# Which is harder to setup: PLANTED or REEF tank?



## JarederaJ (Nov 15, 2012)

Im am going to be leaving reef tanks because im in college and spending a ton of money on a reef tank seems impractical right now. I had success on reef tanks but compared to each other, which is harder to setup? Im mainly just talking about the setup, not after its going and growing.

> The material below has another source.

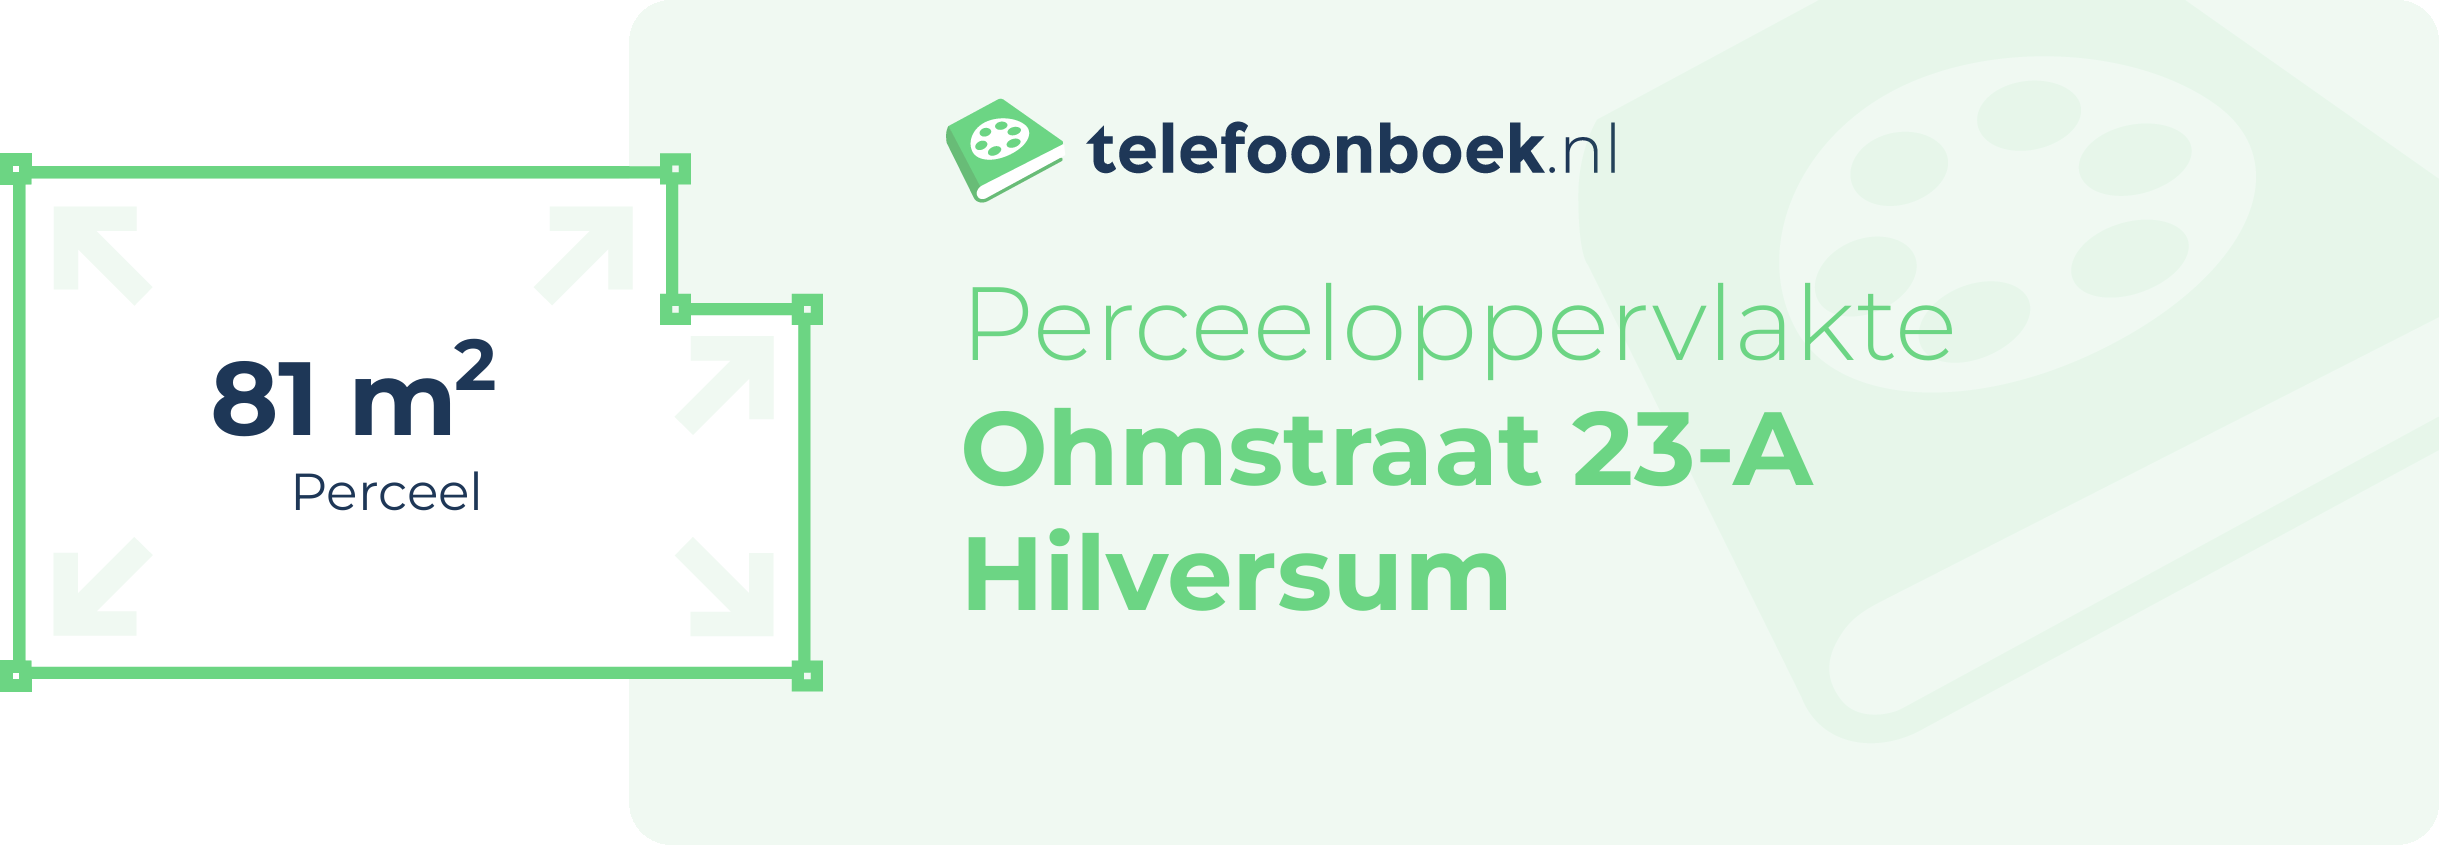 Perceeloppervlakte Ohmstraat 23-A Hilversum
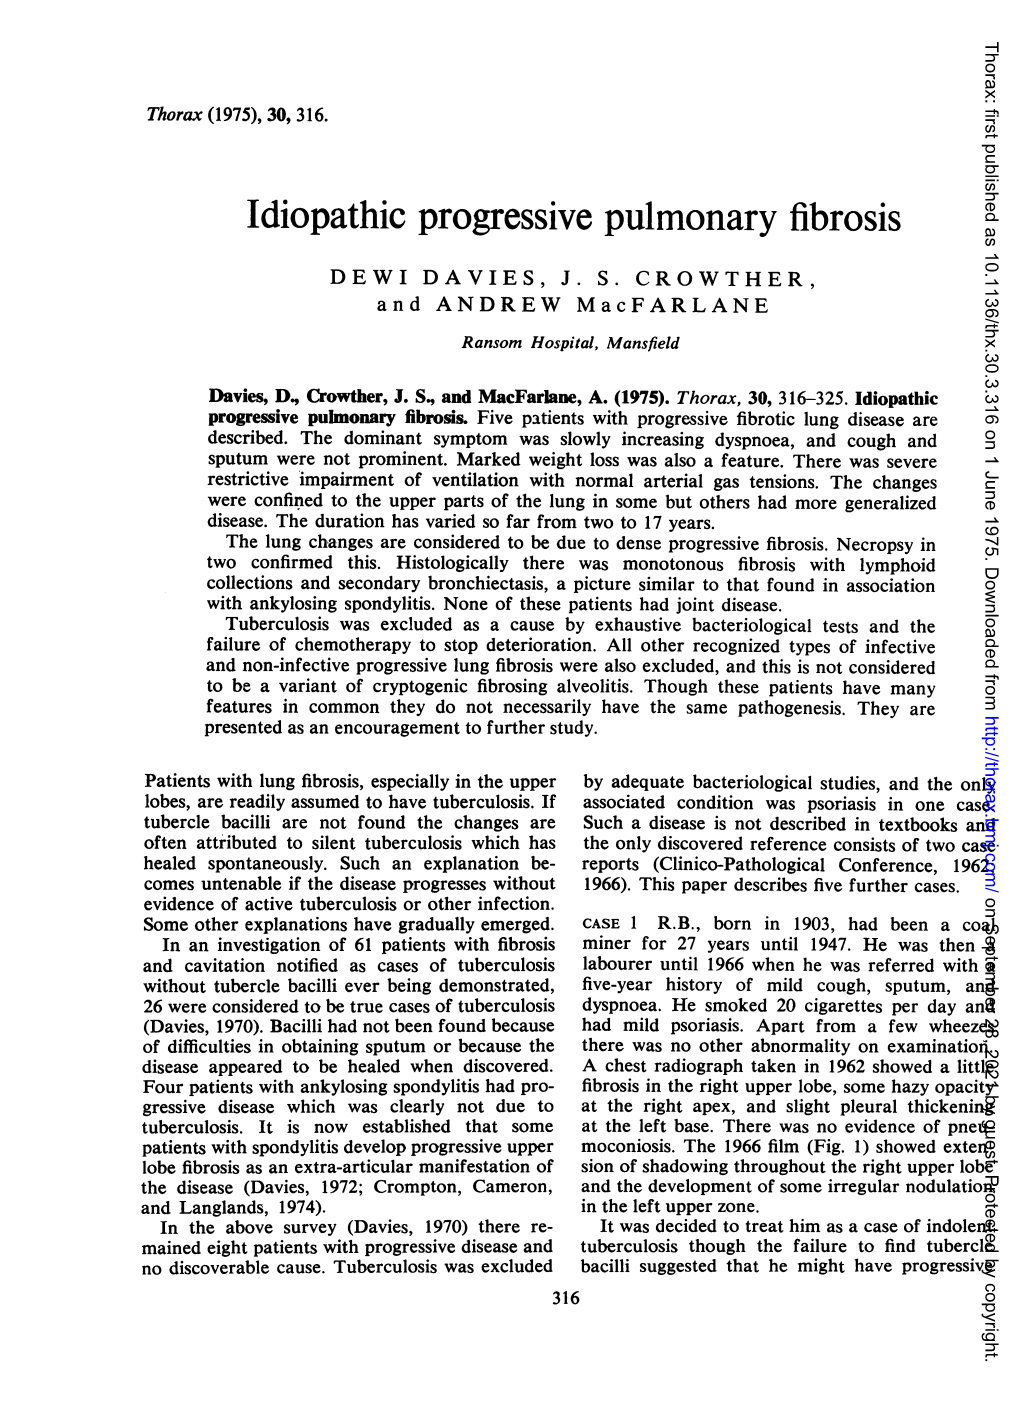 Idiopathic Progressive Pulmonary Fibrosis

My tank specs are going to be 

-48''x13x13 rimless starphire (black background, and silicone)
-Either a 2 or 4 bulb t5
-I have the space, and have it sitting around so im doing a 55 gallon sump (mainly to add volume so I can add a lot of fish)
-Ill probably get a CO2 system set up.


BELOW IS HOW I AM GOING TO WANT TO SET IT UP

The layout like this. 
http://www.youtube.com/watch?v=uYeAeiOhh48&feature=BFa&list=HL1353015067

with a tree like this..
http://www.youtube.com/watch?v=WWxtJDThLNQ


----------



## JarederaJ (Nov 15, 2012)

just any input would be great, I want my trial and error to a minimum


----------



## Optix (May 31, 2011)

reef tank...because the learning curve is MUCH MUCH more $$$$$$$$$


----------



## jbrady33 (Jun 7, 2012)

Both can be easy or hard. I think planted with easy to grow plants is the easiest (even easier than freshwater without plants) but you can easily ramp it up to a high degree of difficulty with sensitive, high light plants, high co2 levels, touchy fish, heavy feet dosing, etc.

You can also do a fish only salt water as long as you have a place to mix the water (not that hard, but not as forgiving to me), or a whole hog, can't miss a day or else reef.


----------



## mach_six (Sep 12, 2005)

For me, reef is easier... all I do is water changes and dose alk and calc every other day or so and my coralline and corals are growing. I don't really test anything and eye it.

For the planted tank, I have issues with plants browning on my swords and algae growing on the glass and some plants. It's not really that bad but the growth is slower than what I expected. Dosing ferts has been somewhat of a challenge to get it all right and it's a bit more maintenance because of trimming some of the faster growing plants in my 55G that I trimmed half and grows back pretty quickly compared to the others.


----------



## JarederaJ (Nov 15, 2012)

what about those two videos? are the plants in there pretty easy to grow?


----------



## JarederaJ (Nov 15, 2012)

mach_six said:


> For me, reef is easier... all I do is water changes and dose alk and calc every other day or so and my coralline and corals are growing. I don't really test anything and eye it.
> 
> For the planted tank, I have issues with plants browning on my swords and algae growing on the glass and some plants. It's not really that bad but the growth is slower than what I expected. Dosing ferts has been somewhat of a challenge to get it all right and it's a bit more maintenance because of trimming some of the faster growing plants in my 55G that I trimmed half and grows back pretty quickly compared to the others.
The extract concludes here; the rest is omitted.